What is Roofline AI?
Edge AI is implemented with the help of a software development kit (SDK) called Roofline AI. It was developed by Roofline AI GmbH, a spin-off from RWTH Aachen University.
The following is made easier with RooflineAI’s SDK:
- Flexibility: Models from any AI framework, including ONNX, PyTorch, and TensorFlow, may be imported.
- Roofline AI provides excellent performance.
- Usability: RooflineAI is simple to use.
- RooflineAI makes it possible to deploy on a variety of hardware, such as CPUs, MPUs, MCUs, GPUs, and specialized AI hardware accelerators.
- RooflineAI’s retargetable AI compiler technology fosters collaborations with chip suppliers and the open-source community.
A computer science technique called the Roofline model aids programmers in figuring out a computation’s compute-memory ratio. It is employed to evaluate AI architectures’ memory bandwidth and computational efficiency.
To redefine edge AI deployment
Edge AI is developing quickly. Rapidly emerging novel models, like LLMs, make it difficult to foresee technological advancements. Simultaneously, hardware solutions are becoming more complicated and diverse.
Conventional deployment techniques are unable to keep up with this rate and have turned into significant obstacles to edge AI adoption. They are uncomfortable to use, have limited performance, and are not very adaptable.
With a software solution that provides unparalleled flexibility, superior performance, and user-friendliness, Roofline transforms this procedure. With a single Python line, import models from any framework and distribute them across various devices.
Benefits
Flexible
Install any model from any framework on various target devices. Innovative applications may be deployed on the most efficient hardware with to the retargetable compiler.
Efficient
Unlock your system’s full potential. Without sacrificing accuracy, it provide definite performance benefits, including up to 4x reduced memory consumption and 1.5x lower latency.
EASY
Deployment is as simple as a Python call with us. All of the necessary tools are included in to SDK. Unfold them if you’d want, or let us handle the magic from quantization to debugging.
How RooflineAI works
Roofline AI showed how their compiler converts machine learning models from well-known frameworks like PyTorch and TensorFlow into SPIR-V code, a specific language for carrying out parallel computation operations, during the presentation.
As a consequence, developers may more easily get optimal performance without requiring unique setups for every kind of hardware with to a simplified procedure that permits quick, optimized AI model deployment across several platforms.
OneAPI’s ability to enable next-generation AI is demonstrated by Roofline AI’s dedication to improving compiler technology. Roofline AI is not only enhancing AI deployment but also establishing a new benchmark for AI scalability and efficiency with to its unified support for many devices and seamless connectivity with the UXL ecosystem.
Roofline AI is establishing itself as a major force in the development of scalable, high-performance AI applications by pushing the limits of AI compiler technology.
The Contribution of Roofline AI to the Development of Compiler Technology with oneAPI
The oneAPI DevSummit is an event centered around the oneAPI specification, an open programming paradigm that spans industries and was created by Intel to accommodate a variety of hardware architectures.
The DevSummit series, which are held all around the world and are frequently organized by groups like the UXL Foundation, bring together developers, researchers, and business executives to discuss the real-world uses of oneAPI in fields including artificial intelligence (AI), high-performance computing (HPC), edge computing, and more.
Roofline AI took center stage at the recent oneAPI DevSummit, which was organized by the UXL Foundation and Intel Liftoff member, to showcase its creative strategy for improving AI and high-performance HPC performance.

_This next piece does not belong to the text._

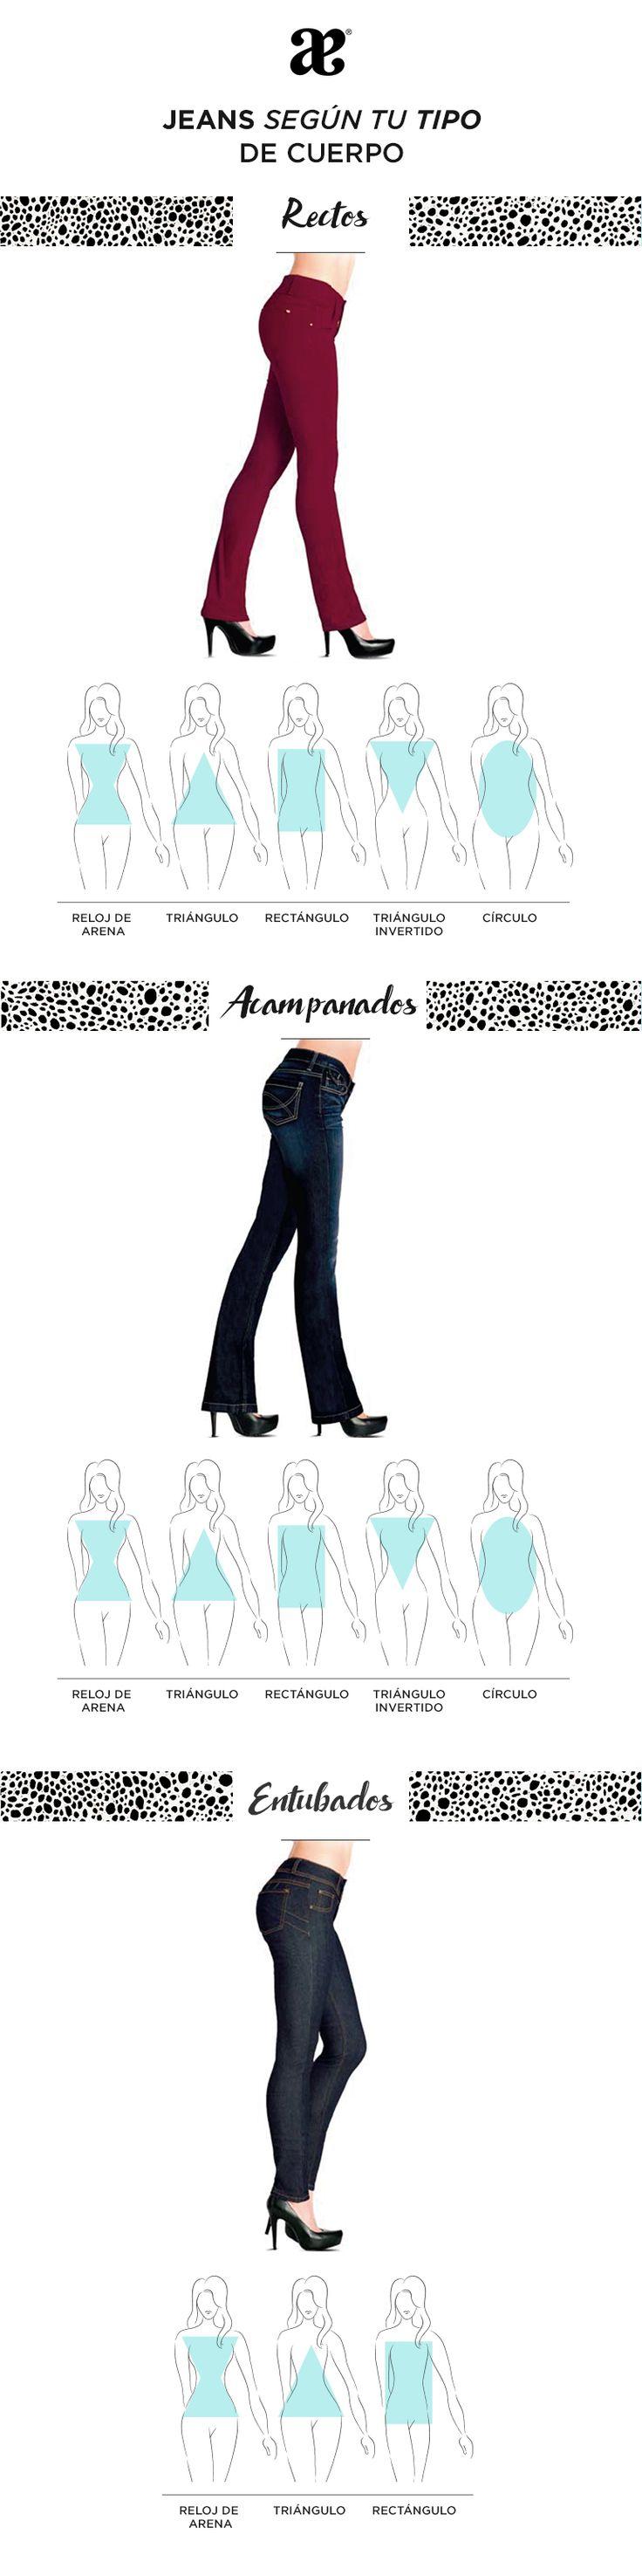 Jeans ideales para tu cuerpo, identifica los tuyos y después lee nuestro artículo.
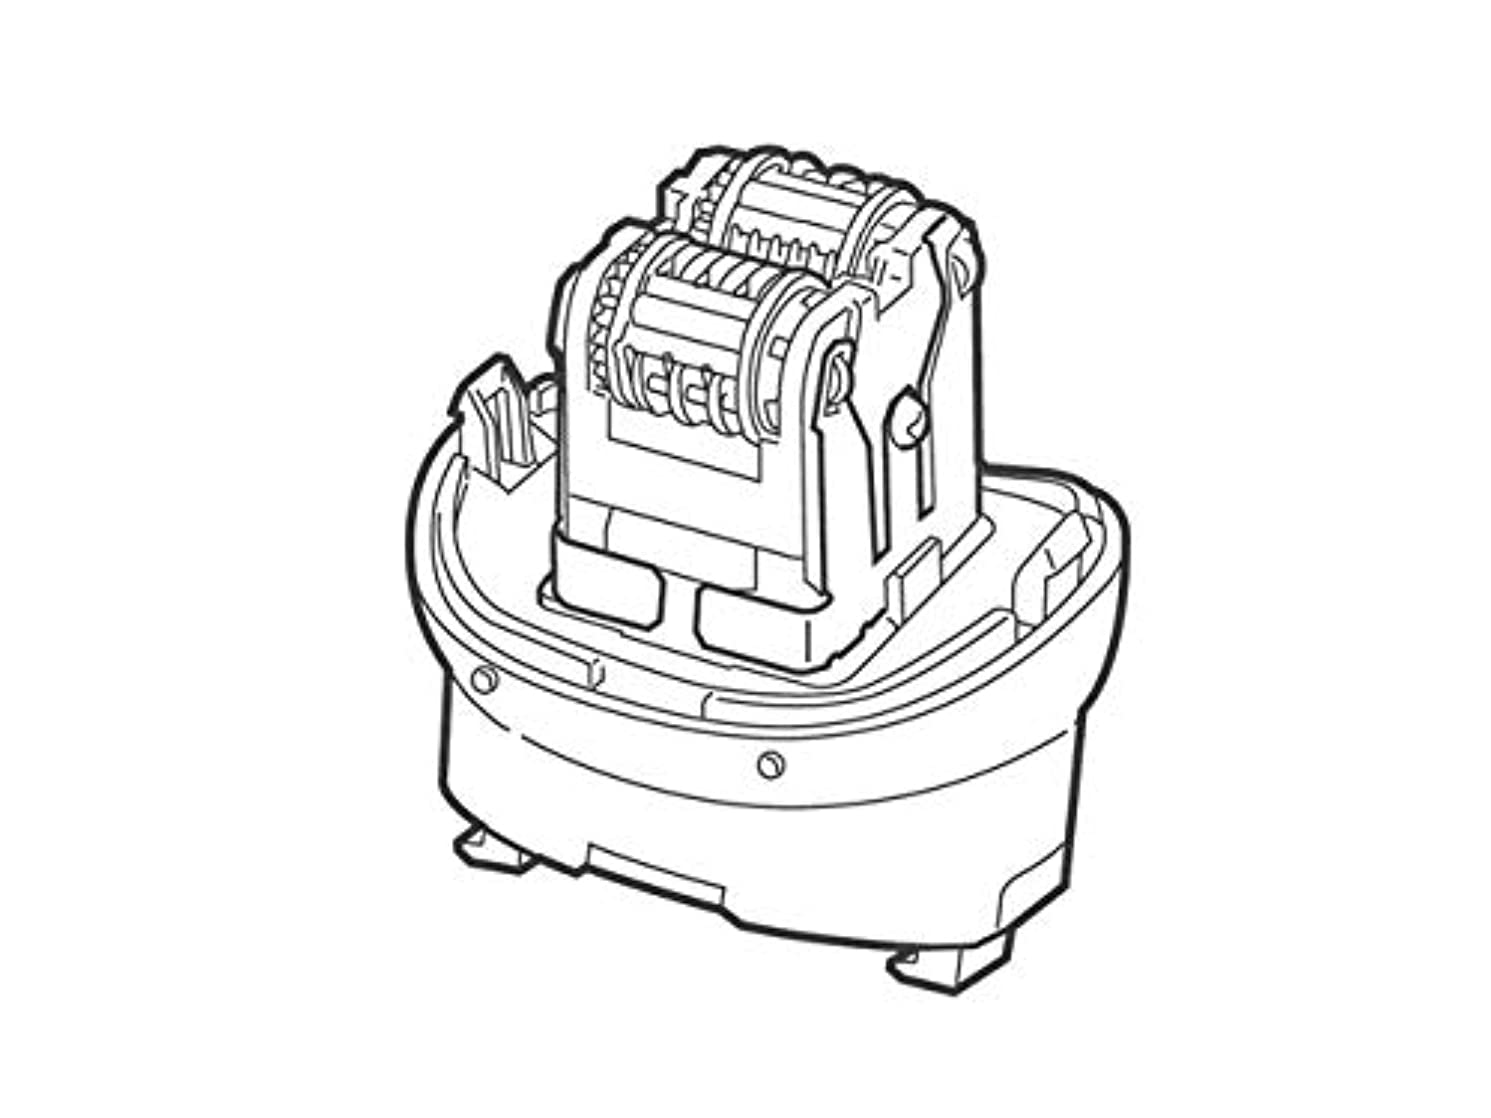 分注するドライブ原点Panasonic ワキ用脱毛ヘッド駆動部 ESWD93W4057

Through RooflineAI’s integration with the UXL framework, they were able to fulfill a key demand in the AI and HPC ecosystem: effective and flexible AI compiler support that can blend in with a variety of devices.
In order to connect AI models and the hardware that runs them, AI compilers are essential. The team from Roofline AI stressed in their pitch that they have developed a strong compiler that facilitates end-to-end model execution for the UXL ecosystem by utilizing the open-source Multi-Level Intermediate Representation (MLIR). With this architecture, developers can map and run AI models on many devices with unmatched flexibility and efficiency.
It’s a clear advancement in device-agnostic AI processing, especially for sectors with a range of hardware requirements. A lightweight runtime based on the Level Zero API, which makes kernel calls and efficiently manages memory, is the foundation of their approach.
In addition to optimizing performance, Roofline AI‘s runtime guarantees compatibility with a variety of Level Zero-compatible hardware, such as Intel GPUs. Because of this interoperability, developers may use their software to control devices outside of the box, reducing the requirement for configuration and increasing the range of hardware alternatives.